Because of increasing gang violence in state correctional facilities, the New Jersey Department of Corrections promulgated a new policy in 1998 designed to isolate and rehabilitate gang members. Under this policy, prison officials can designate "STGs" (Security Threat Groups) and transfer the "core" members of these groups to a special "Security Threat Group Management Unit." The goal of the policy is to limit Security Threat Group activities and therefore minimize the occurrence of assaults on staff and inmates. Once the group members are in the special housing unit, they are required to participate in a behavior modification program before returning to the general prison population.
A federal civil rights lawsuit was filed challenging the policy on behalf of three prisoners who were identified as members of a splinter Muslim group known as the "Five Percent Nation" which originated in New York City in the 1960s as a break away from the Nation of Islam.

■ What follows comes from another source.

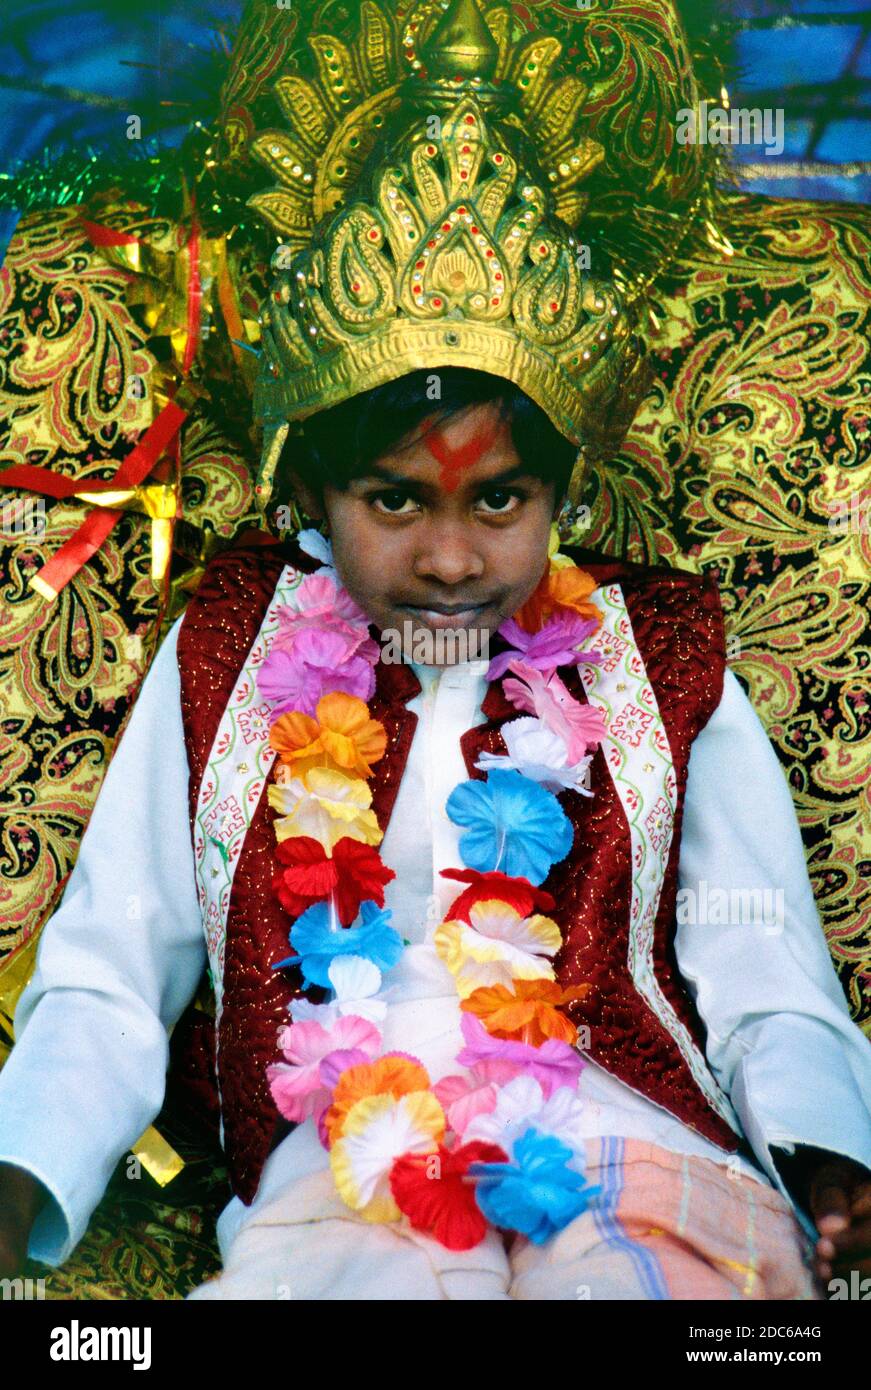 Porträt eines jungen Indianers oder eines hinduistischen Jungen, gekleidet als Prinz und drapiert mit Blumengirlanden für Diwali, oder das indische Lichterfest in Réunion Island Frankreich Stockfoto

The group's name stems from the group's belief in "Supreme Mathematics" which breaks down the population of the world into three groups: the Ten Percent, the Eighty Five Percent, and the Five Percent. The group believes that the "Ten Percent" are those who have "subjugated most of the world," including "white people and others who propagate the myth of a nonexistent 'mystery God.'" The Eighty Five Percent are "those who are subjugated and deceived." And finally, the "Five Percent" are "African Americans who have achieved self-knowledge" and "know the black man's true nature and that God is within himself." Male members of the group are referred to by themselves as "Gods," while female members are called "Earths," and the group often refers to itself as "The Nation of Gods and Earths."
The group claims that it does not promote or advocate violence, but a federal appeals court decision on the challenge to the New Jersey policy notes that "evidence links the group with numerous incidents of prison violence." A report prepared by Roland Holvey of the New Jersey Department of Corrections Internal Affairs Office states that the Five Percent Nation "became such a strong presence in New York prisons that Hispanic inmates were prompted to form their own gang, known as the Latin Kings, to protect themselves from attacks by Five Percenters." The Five Percent Nation allegedly became active in the early 1980s in the New Jersey prisons and has since become the "largest group in the state's prison system." It also allegedly is known to exist in Connecticut, Delaware, Georgia, Maryland, Massachusetts, North Carolina, Pennsylvania, South Carolina, Virginia, and the District of Columbia.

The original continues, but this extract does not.